As declarações do ex-apresentador chegam em um momento de intensos debates políticos no Brasil. Chapelin fez questão de reforçar a importância de manter viva a memória sobre o regime militar e alertou sobre os perigos do autoritarismo. “As gerações mais novas precisam entender que aquilo não foi apenas uma questão de governo ou política. Era uma época em que as liberdades individuais estavam constantemente sob ameaça, e isso deixava marcas profundas na sociedade.”
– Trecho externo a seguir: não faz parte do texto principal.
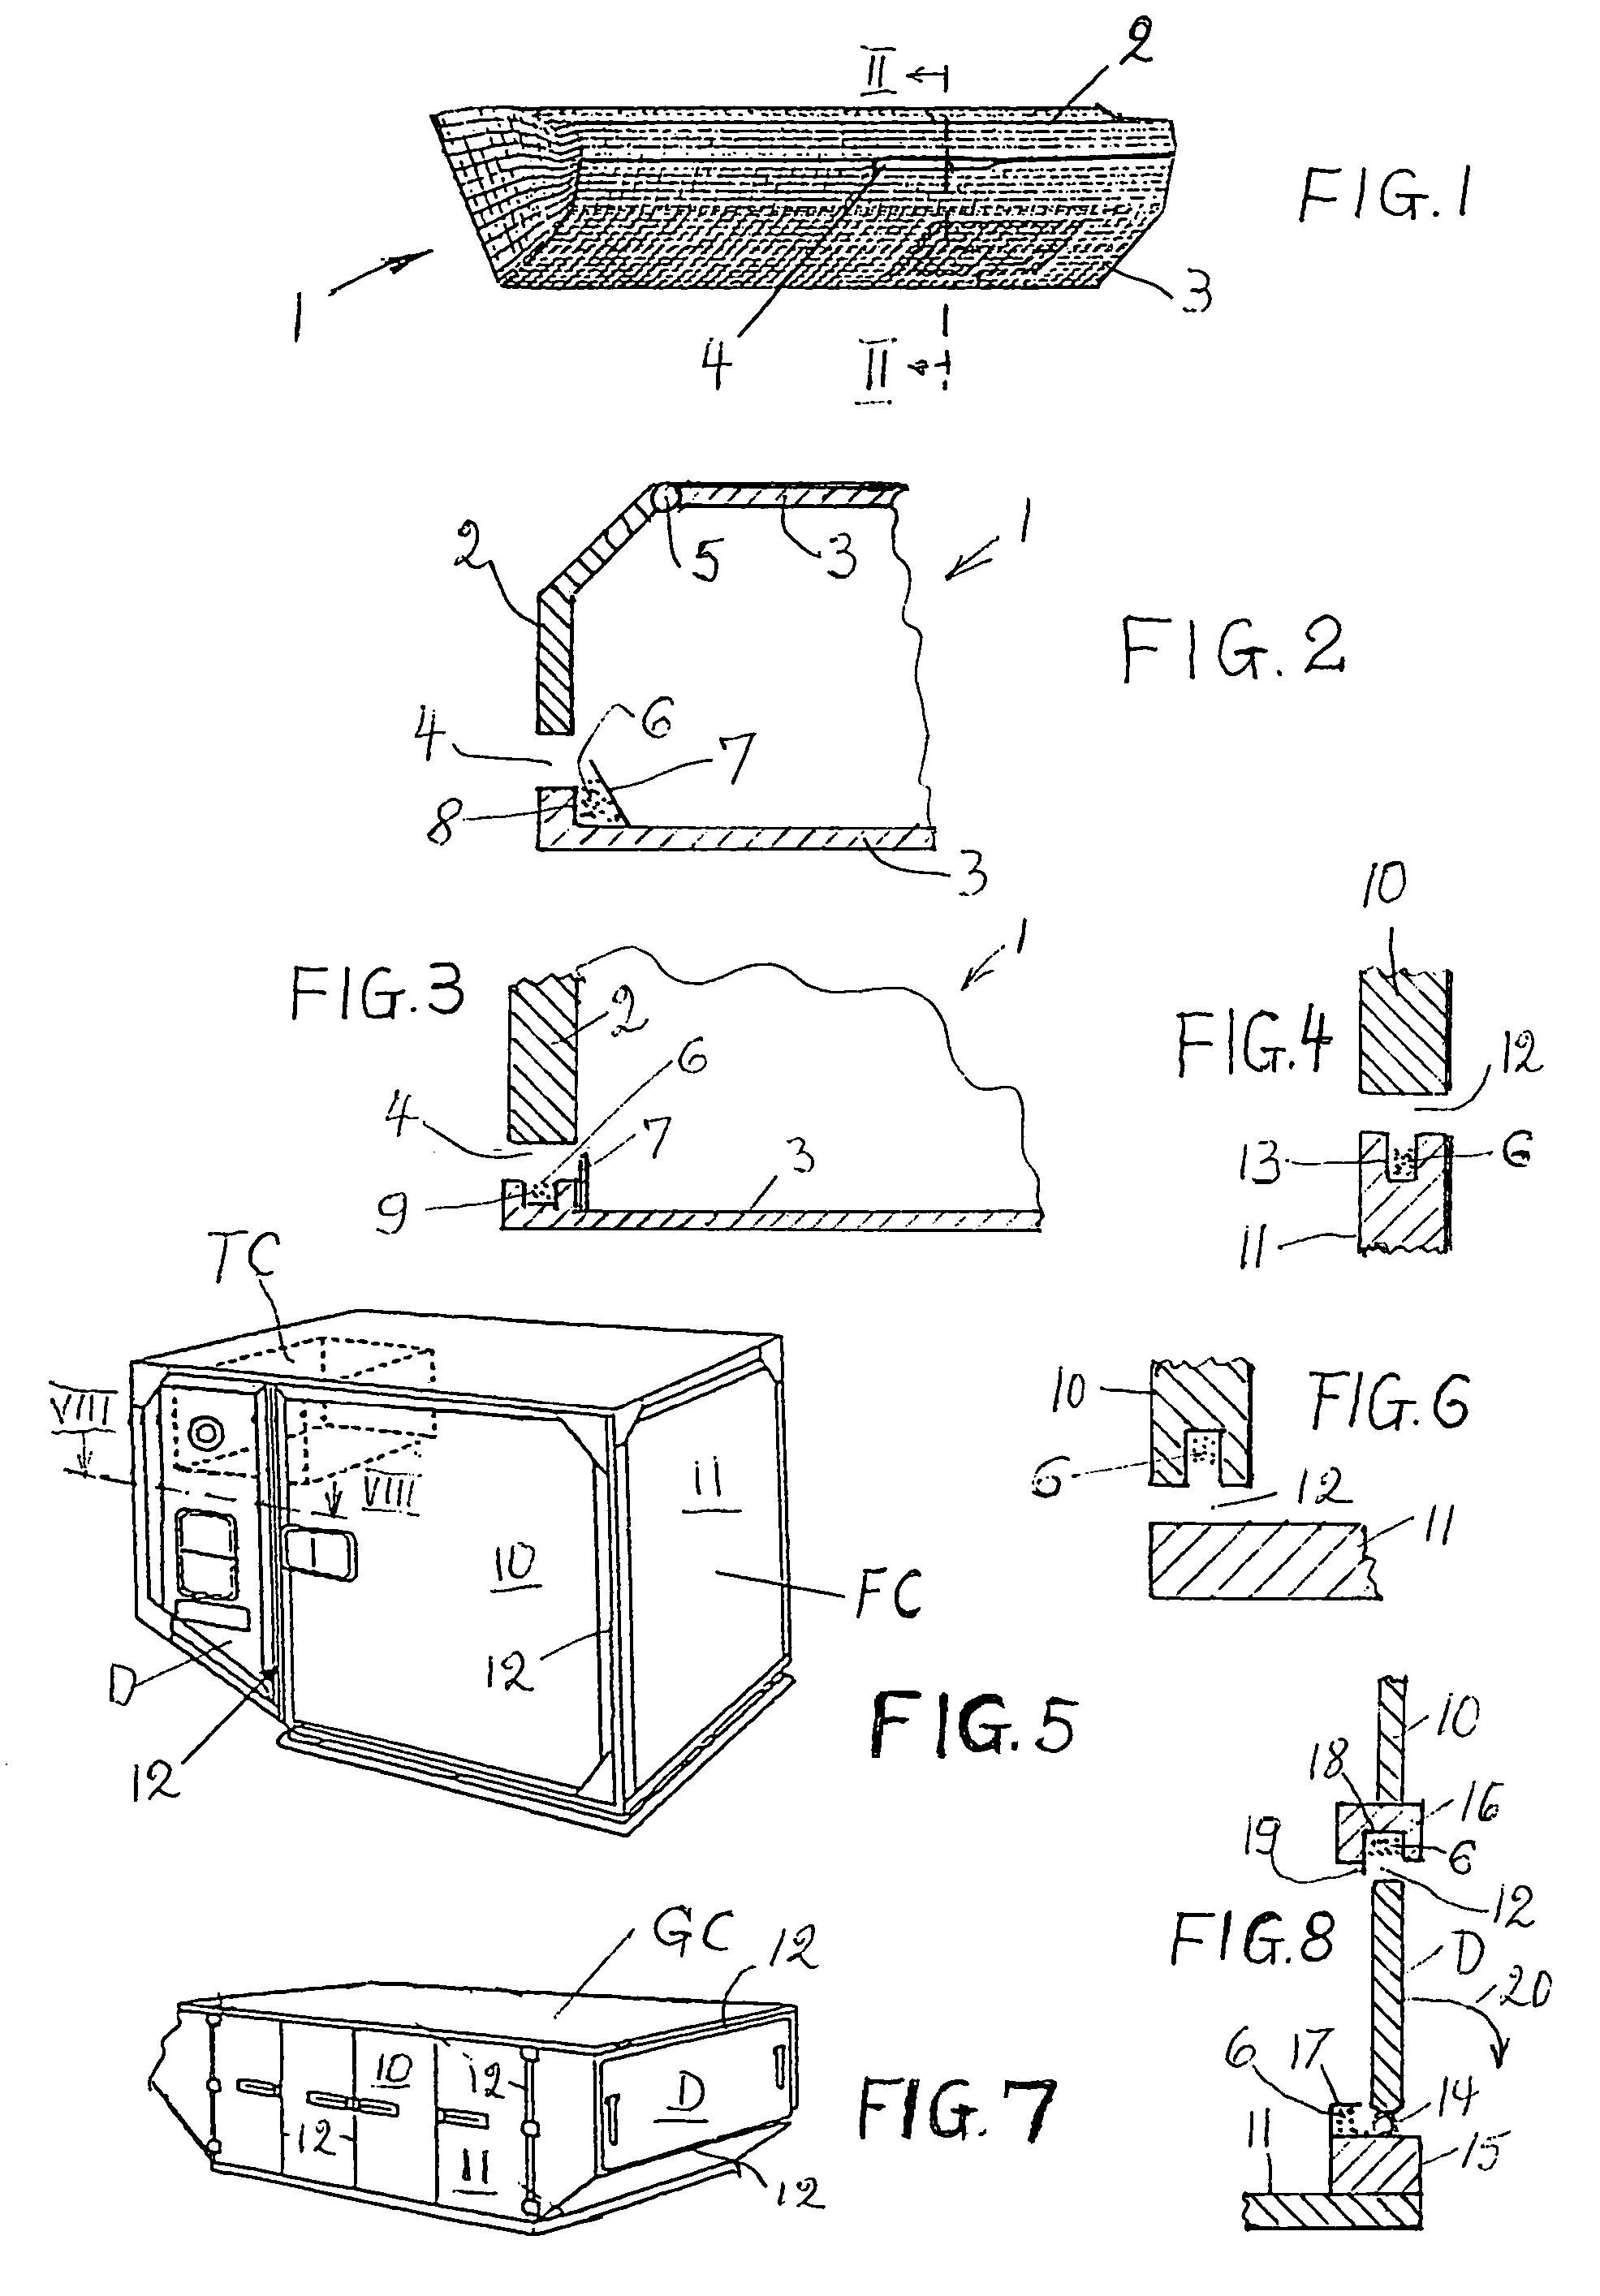 Method and apparatus for detecting smoke and smothering a fire

Apesar das críticas ao regime militar, Chapelin evitou adotar um tom agressivo ou polarizador. Ele destacou que suas reflexões não têm a intenção de alimentar conflitos, mas de provocar uma análise mais ampla sobre os rumos do país. “O Brasil já passou por muitas fases difíceis. Ainda estamos em busca de um caminho mais justo, que traga oportunidades reais para todos. Espero que as pessoas reflitam sobre isso.”
Longe das câmeras, Chapelin leva uma vida tranquila, mas continua acompanhando de perto os acontecimentos políticos e sociais. Seu tom sereno e sua habilidade em traduzir questões complexas de forma clara continuam sendo suas marcas registradas, mesmo agora, fora do telejornalismo. Ele também demonstrou certa nostalgia ao recordar sua trajetória e os desafios que enfrentou ao longo de sua carreira. “O jornalismo me ensinou muito, não só sobre o mundo, mas também sobre mim mesmo. Tenho muito orgulho do que fiz, mas também sei que o Brasil ainda precisa avançar muito em questões fundamentais.”
As palavras de Sérgio Chapelin ressoam como um convite à reflexão. Ele não apenas compartilhou suas experiências, mas também levantou questões importantes sobre o papel da imprensa, os desafios políticos e as lutas sociais no Brasil. Seu relato é um lembrete do impacto que jornalistas podem ter ao registrar a história e contribuir para a construção de uma sociedade mais consciente.
Chapelin encerrou a entrevista com uma mensagem de otimismo. “Apesar de todas as dificuldades, acredito que o Brasil tem força para superar seus problemas. É preciso diálogo, respeito e união para construirmos um futuro melhor. Eu ainda espero ver isso acontecer.”